I doubt that Biogen expects it can protect this therapeutic from generic competition for long (but don't doubt they will try with other patents). It is quite highly priced, in part because of the limited exclusive market opportunity.

Just ask Momenta how 'protective' patents that aren't 'composition of matter' are. Analytical methods patents? Please.[/Aside]

Unintended(?) consequence 3: Biopharmaceuticals Rule

There are some great and very promising biopharmaceutical therapies. But the biotech/pharma distinction that at one time (briefly) defined as a biopharmaceutical vs. small molecule one is now gone (redefined). Even once there is a clearer path for development of 'biosimilars', the investment of the generic developer to make one will be substantially greater than that of a small molecule drug. With a biotherapeutic an orriginator company can expect (1) longer data exclusivity (2) less price erosion on generic introductions (3) better & longer 'originator brand' utility, and (4) more diverse meaningful patent protecions. Given a resource allocation decision, the development of a biologic drug often makes more sense than a small molecule one, even if the latter is less risky and costs less to develop. The better reliability and expected longevity of the biopharmaceutical revenue stream often makes the additional expense and risk worthwhile.

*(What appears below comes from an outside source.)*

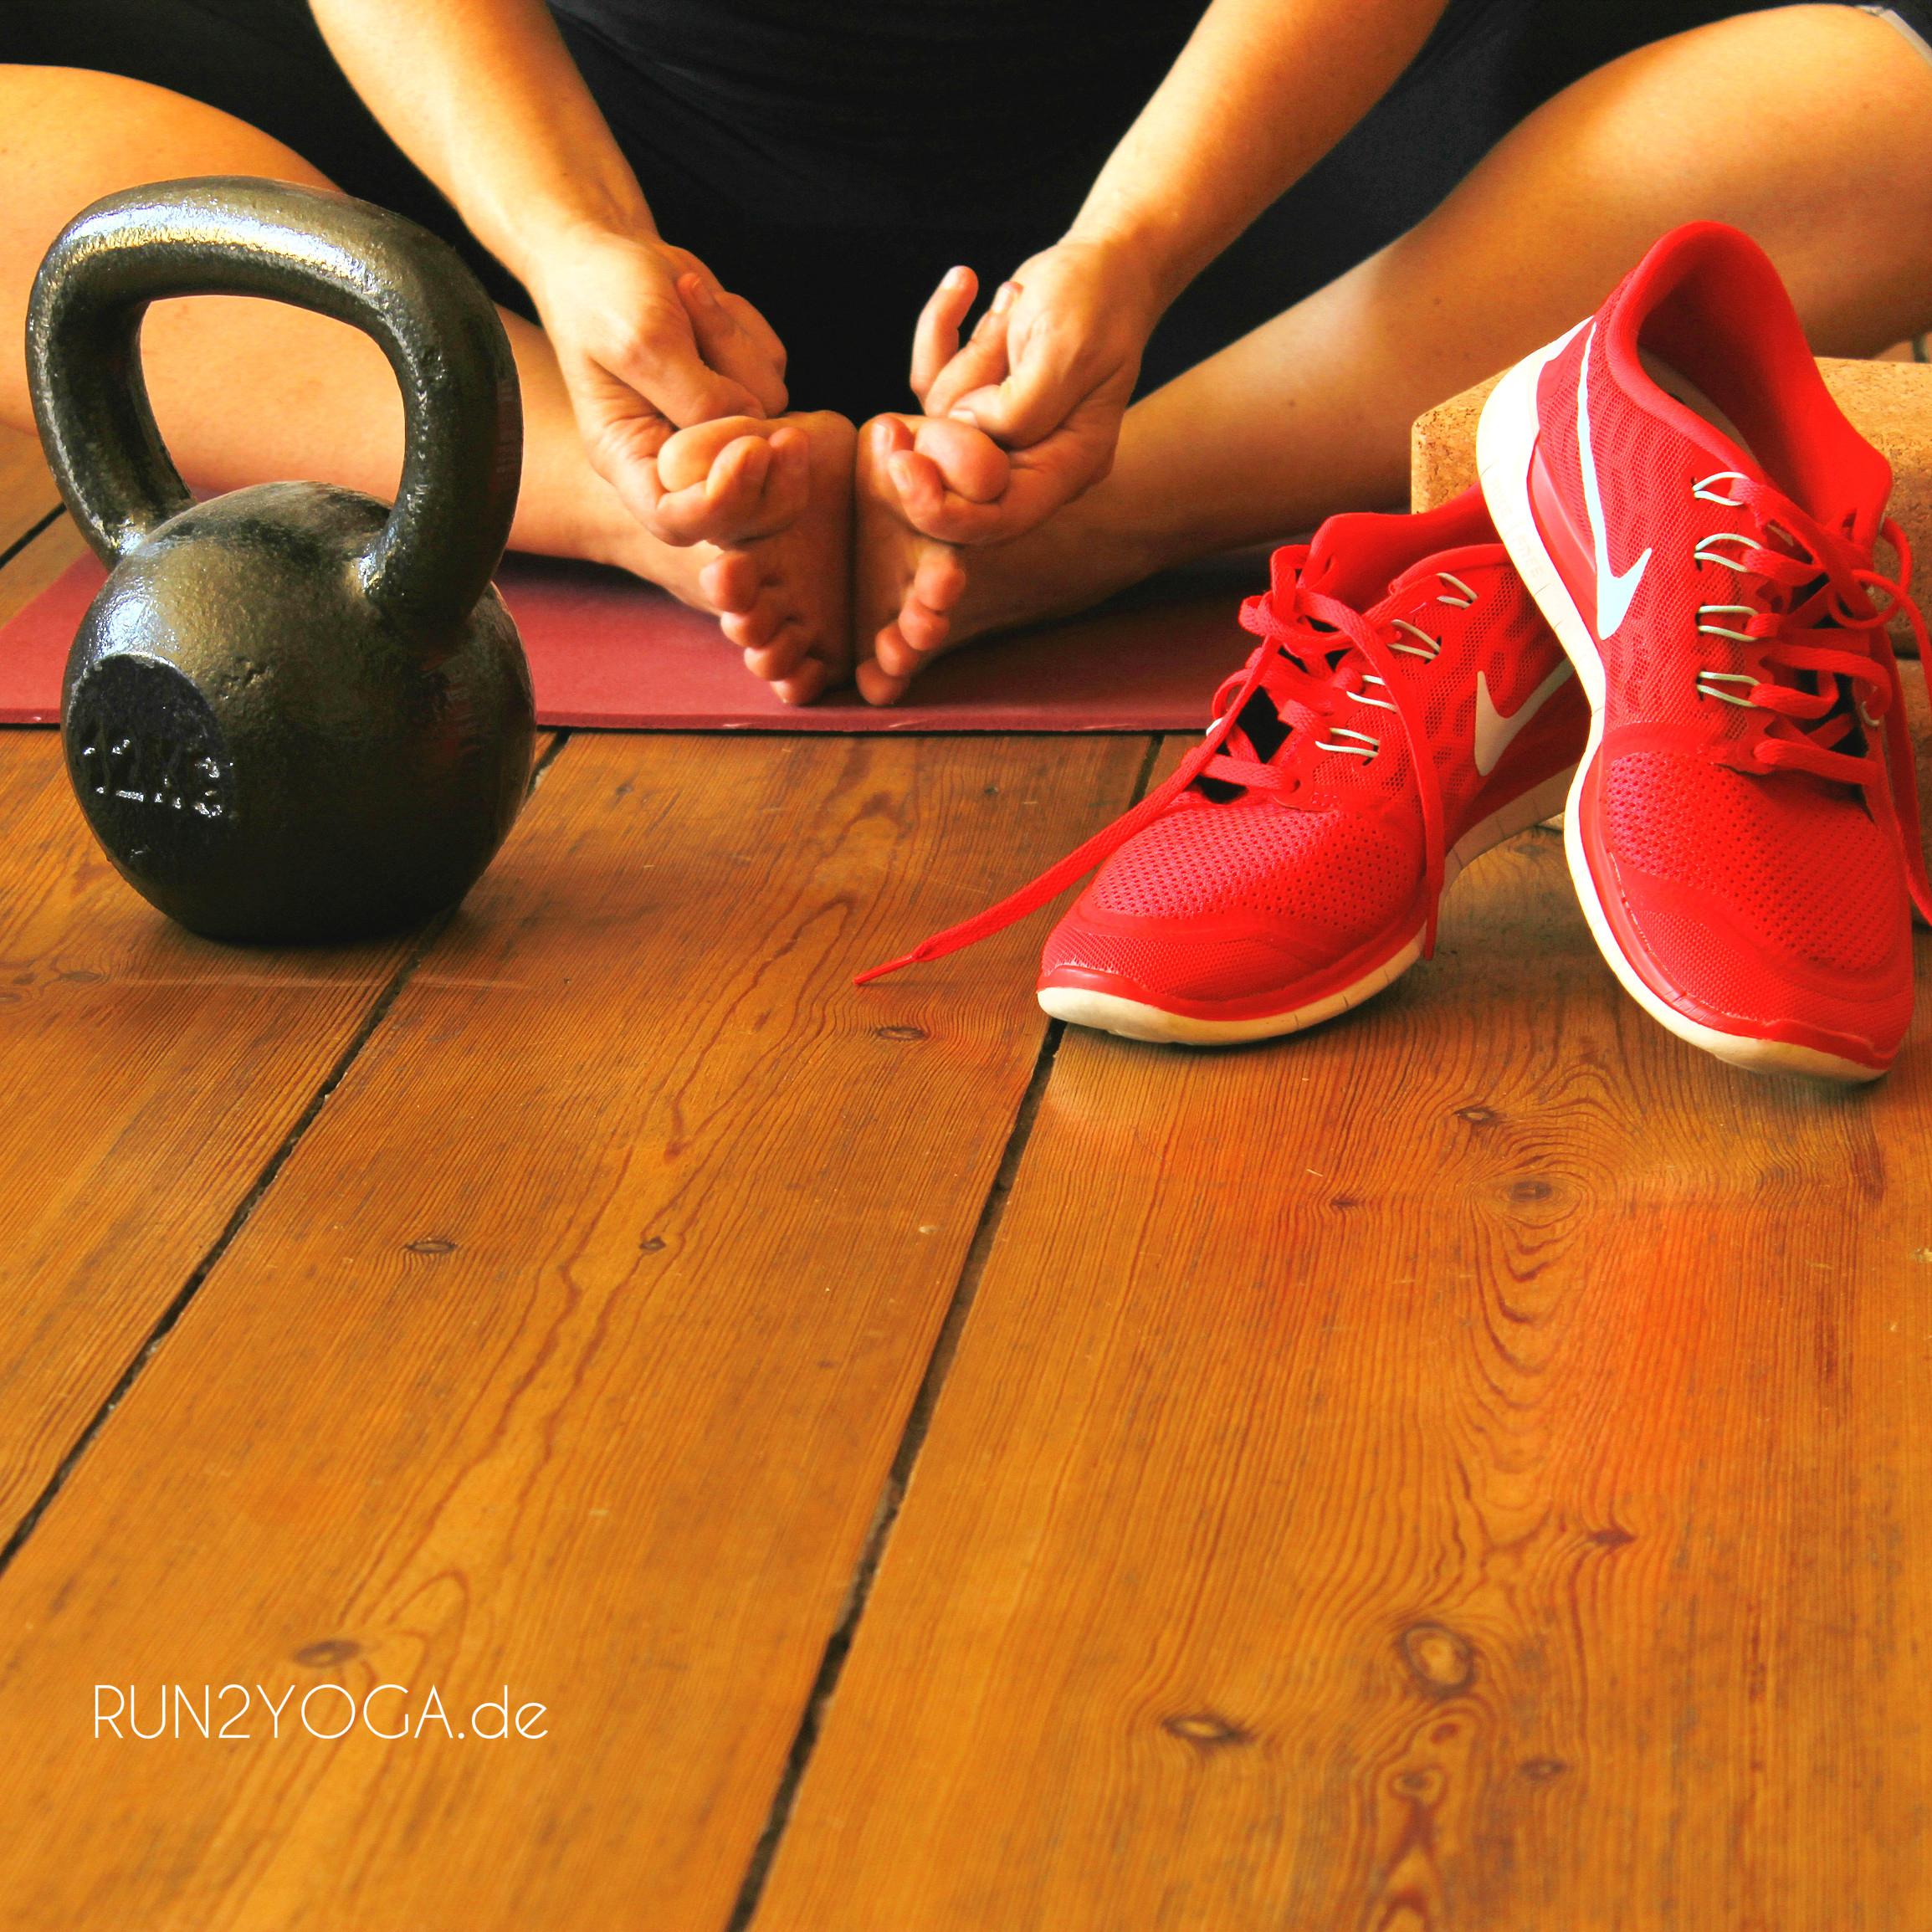 RUN2YOGA - Yoga und Laufen

A caveat to the preference for biopharmaceuticals (consequence 4?) is development of a small molecule therapy in a space where a biopharmaceutical is currently used or has been historically. Because if successful with approval, a compant can often price the small molecule therapy as competitive with the bio-therapy (competitive pricing arguments). Again, Tecfedera is one example.

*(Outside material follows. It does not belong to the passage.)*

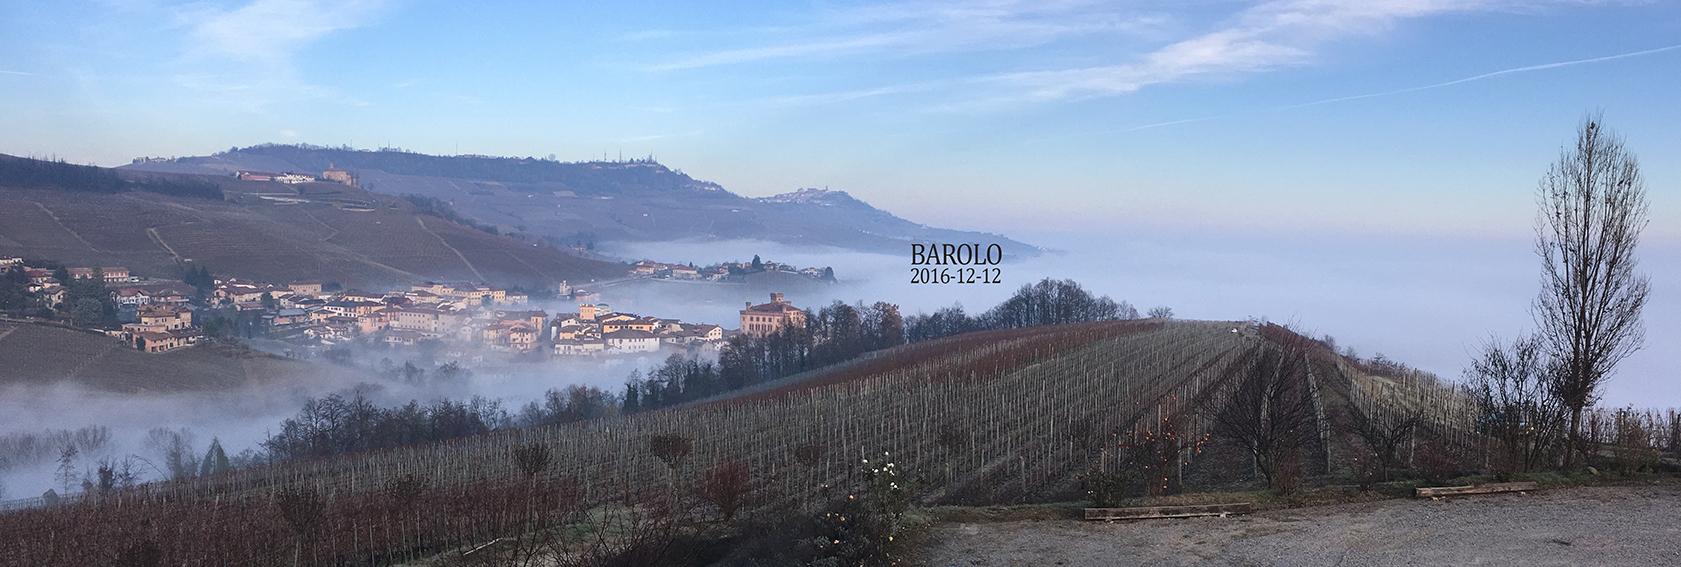 2016-12-12-fog-in-barolo

So, are you saying that generic drugs and generic companies should never exist? If not, how long should a patent last? 

Oh yeah, back to the question. Patent protection is fine as it is. But we need a longer period of data exclusivity and provide market exclusivity to be conveyed with a drug approval. Ideally in a G8 (G7?) agreement. I'd say 10 years at least. More confidence in the market potential of a drug can encourage development and could even bring down pricing.

Also, legal fees can be a huge portion of a development stage companies budget (and often underplanned), and a substantial portion of the budget of firms with compounds on the market. Legal spend is only a productive spend if a drug is approved.  Fewer dollars spent on patent protection efforts (and multicountry filings of each one) and legal defense, will provide the allowance to focus more on R&D.  The reduction of the legal spend can help the industry.